LINE_BREAKER_LOOKBEHIND = <integer> (100)
      * Change the default lookbehind for the regex based linebreaker. 
      * When there is leftover data from a previous raw chunk, this is how far before the end
    the raw chunk (with the next chunk concatenated) we should begin applying
    the regex.

# Multiline events

SHOULD_LINEMERGE = <true/false>
      * When set to true, Splunk combines several input lines into a single event, based on the 
      following configuration attributes.
      * Defaults to true.

# The following are used only when SHOULD_LINEMERGE = True

AUTO_LINEMERGE = <true/false>
    * Directs Splunk to use automatic learning methods to determine where to break lines in events.
    * Defaults to true.

BREAK_ONLY_BEFORE_DATE = <true/false>
      * When set to true, Splunk will create a new event if and only if it encounters
    a new line with a date.
    * Defaults to false.

BREAK_ONLY_BEFORE = <regular expression>
     * When set, Splunk will create a new event if and only if it encounters
    a new line that matches the regular expression.
    * Defaults to empty.

MUST_BREAK_AFTER = <regular expression>
      * When set, and the regular expression matches the current line,
    Splunk is guaranteed to create a new event for the next input line.
    * Splunk may still break before the current line if another rule matches.
    * Defaults to empty.

MUST_NOT_BREAK_AFTER = <regular expression>
    * When set and the current line matches the regular expression, Splunk will
    not break on any subsequent lines until the MUST_BREAK_AFTER expression
       matches.
       * Defaults to empty.

MUST_NOT_BREAK_BEFORE = <regular expression>
      * When set and the current line matches the regular expression, Splunk will not break the last 
      event before the current line.
      * Defaults to empty.

MAX_EVENTS = <integer>
      * Specifies the maximum number of input lines that will be added to any event. 
      * Splunk will break after the specified number of lines are read.
      * Defaults to 256.

#******************************************************************************
# Timestamp extraction configuration
#******************************************************************************

DATETIME_CONFIG = <filename relative to $SPLUNK_HOME>
    * Specifies the file to configure the timestamp extractor.
    * This configuration may also be set to "NONE" to prevent the timestamp extractor from running 
    or "CURRENT" to assign the current system time to each event.
    * Defaults to /etc/datetime.xml (eg $SPLUNK_HOME/etc/datetime.xml).

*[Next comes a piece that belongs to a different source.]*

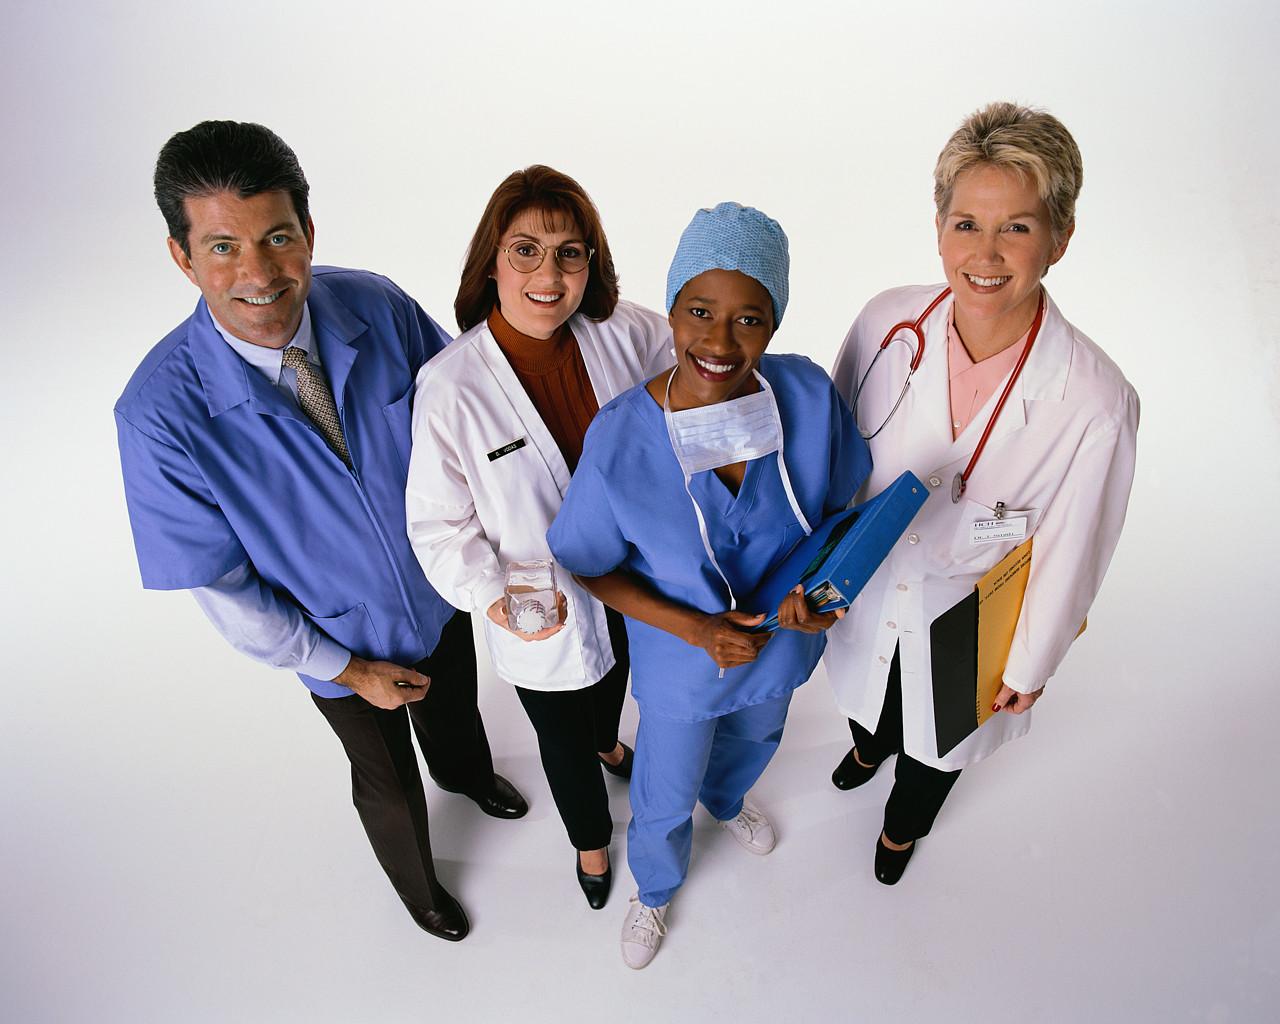 Decorative image of health professionals
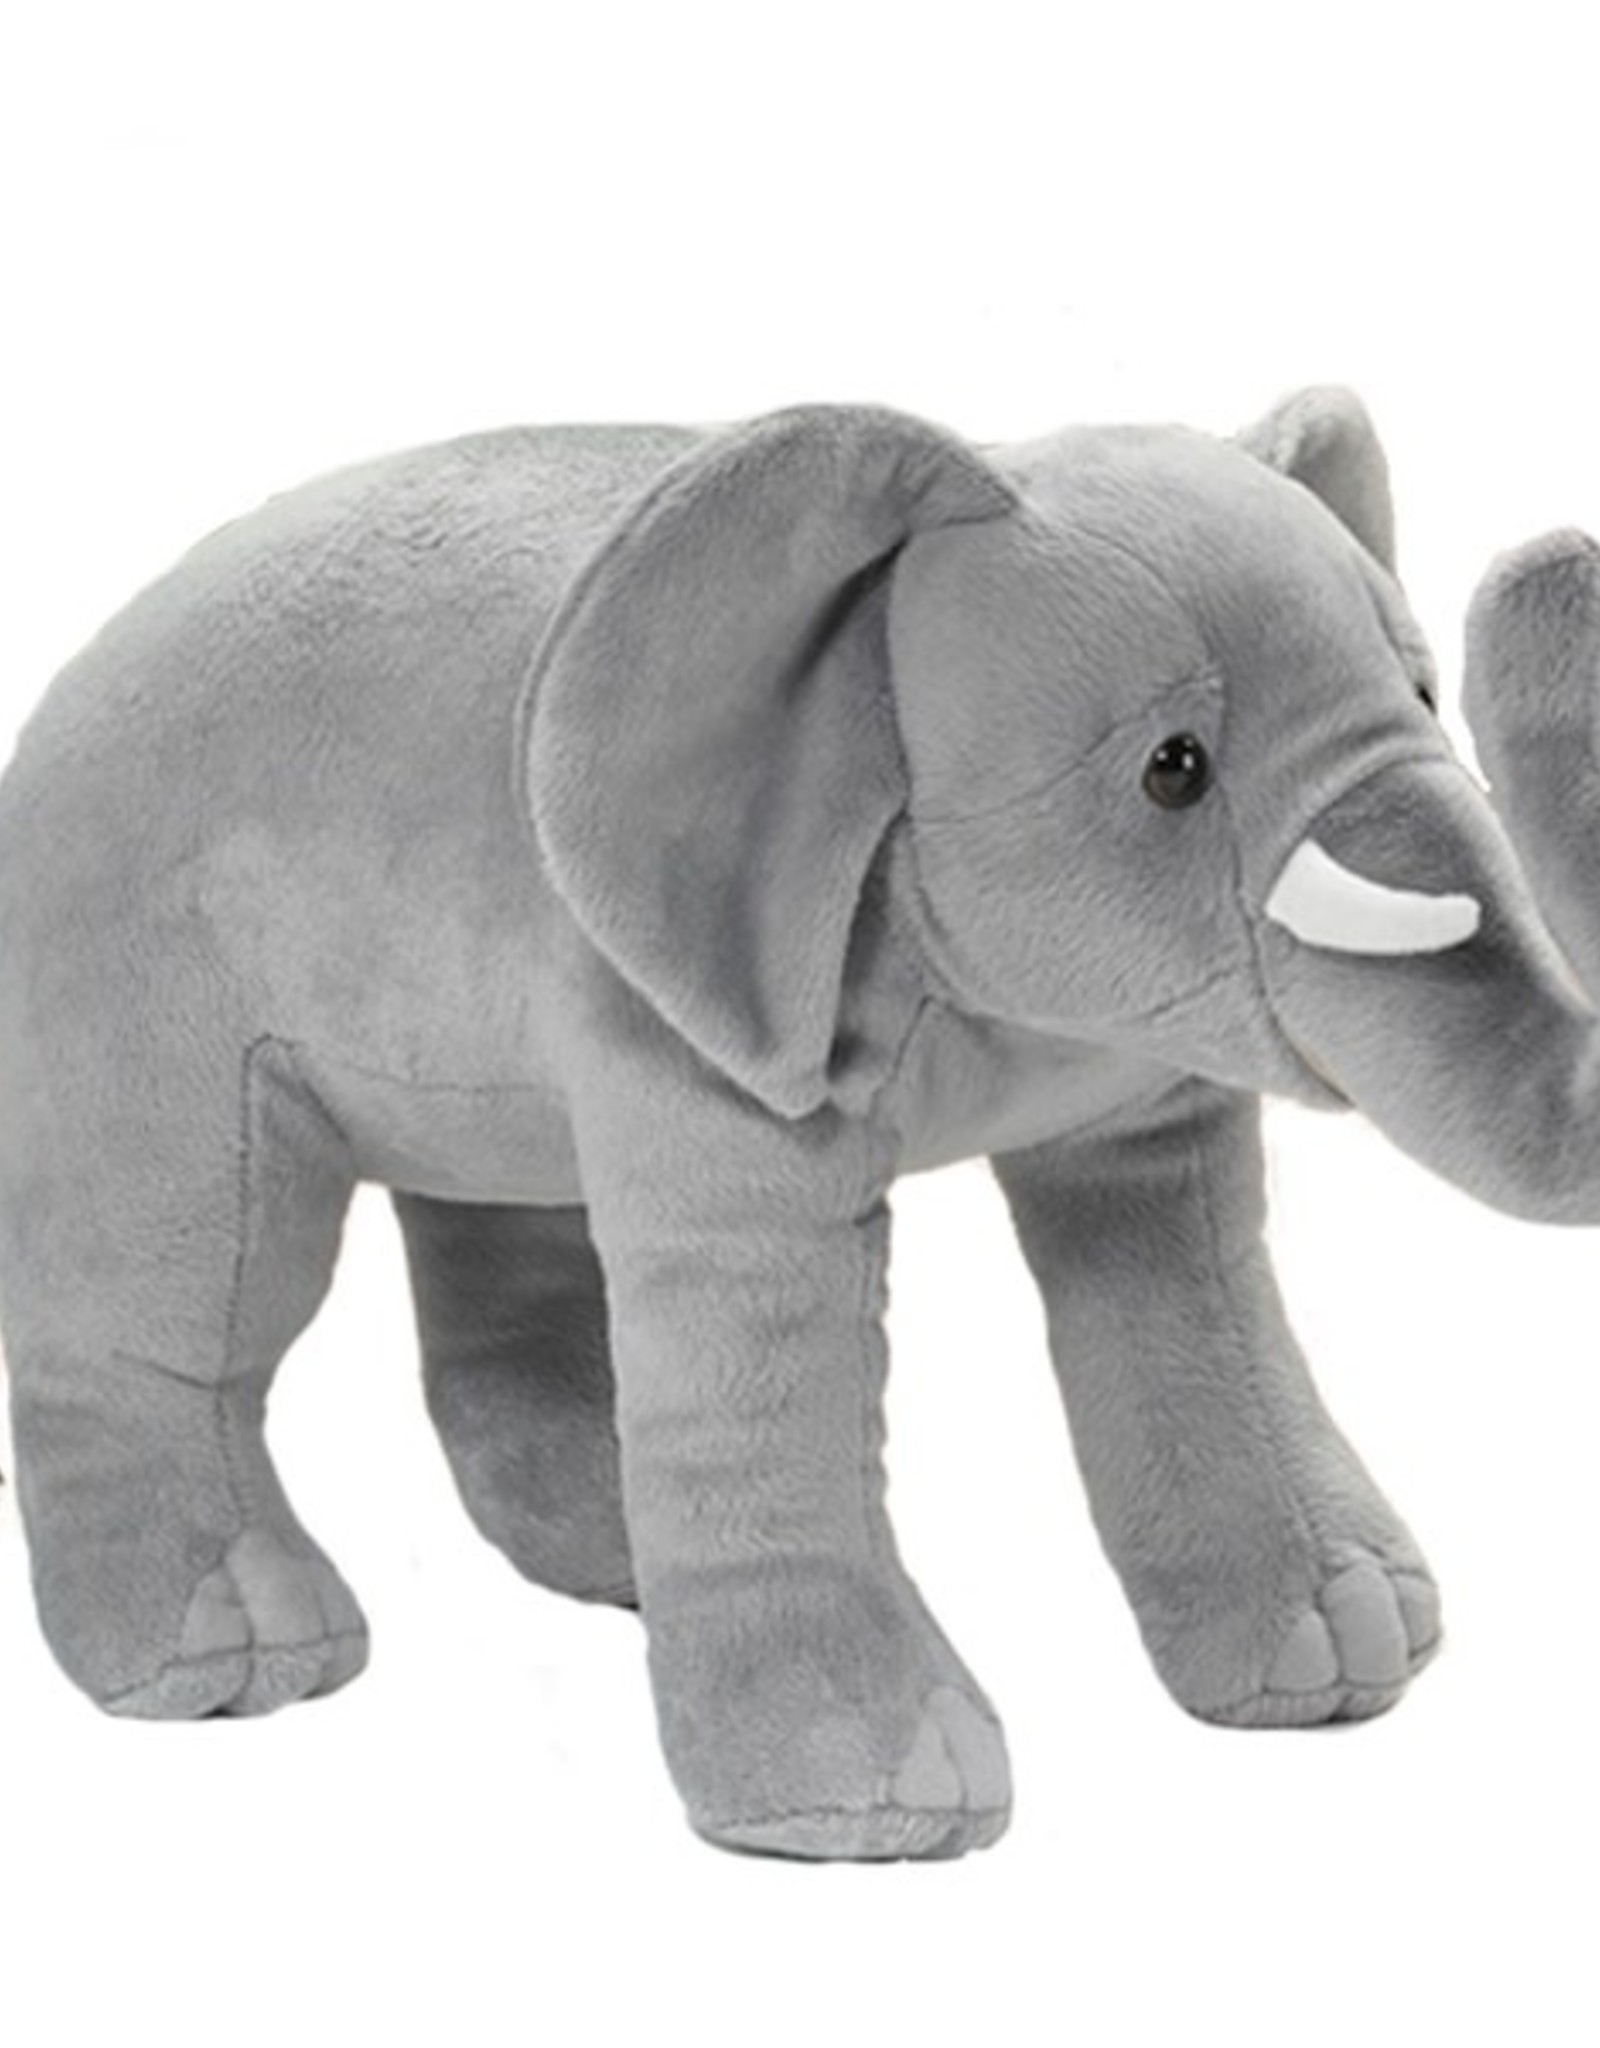 Conservation Critters Conservation Critters Elephant

MAX_TIMESTAMP_LOOKAHEAD = <integer>
    * Specifies how far (in characters) into an event Splunk should look for a timestamp.
      * Defaults to 150.

TIME_PREFIX = <regular expression>
     * Specifies the necessary condition for a timestamp to be extracted. 
     * The timestamping algorithm will only look for a timestamp after the first regex match.
     * Defaults to empty.

TIME_FORMAT = <strptime-style format>
    * Specifies a strptime format string to extract the date. 
    * This method of date extraction does not support in-event timezones. 
    * TIME_FORMAT starts reading after the TIME_PREFIX. 
    * The <strptime-style format> must contain the hour, minute, month, and day.
    * Defaults to empty.

TZ = <posix timezone string>
     * The algorithm for determining the time zone for a particular event is as follows:
      - If the event has a timezone in its raw text (e.g., UTC, -08:00), use that.
      - If TZ is set to a valid timezone string, use that.
      - Otherwise, use the timezone of the system that is running splunkd.
    * Defaults to empty.

MAX_DAYS_AGO = <integer>
      * Specifies the maximum number of days past, from the current date, for an extracted date to be valid.  
      * If set to 10, for example, dates that are older than 10 days ago are ignored.
    * Defaults to 1000.
    * IMPORTANT: If your data is older than 1000 days, you must change this setting.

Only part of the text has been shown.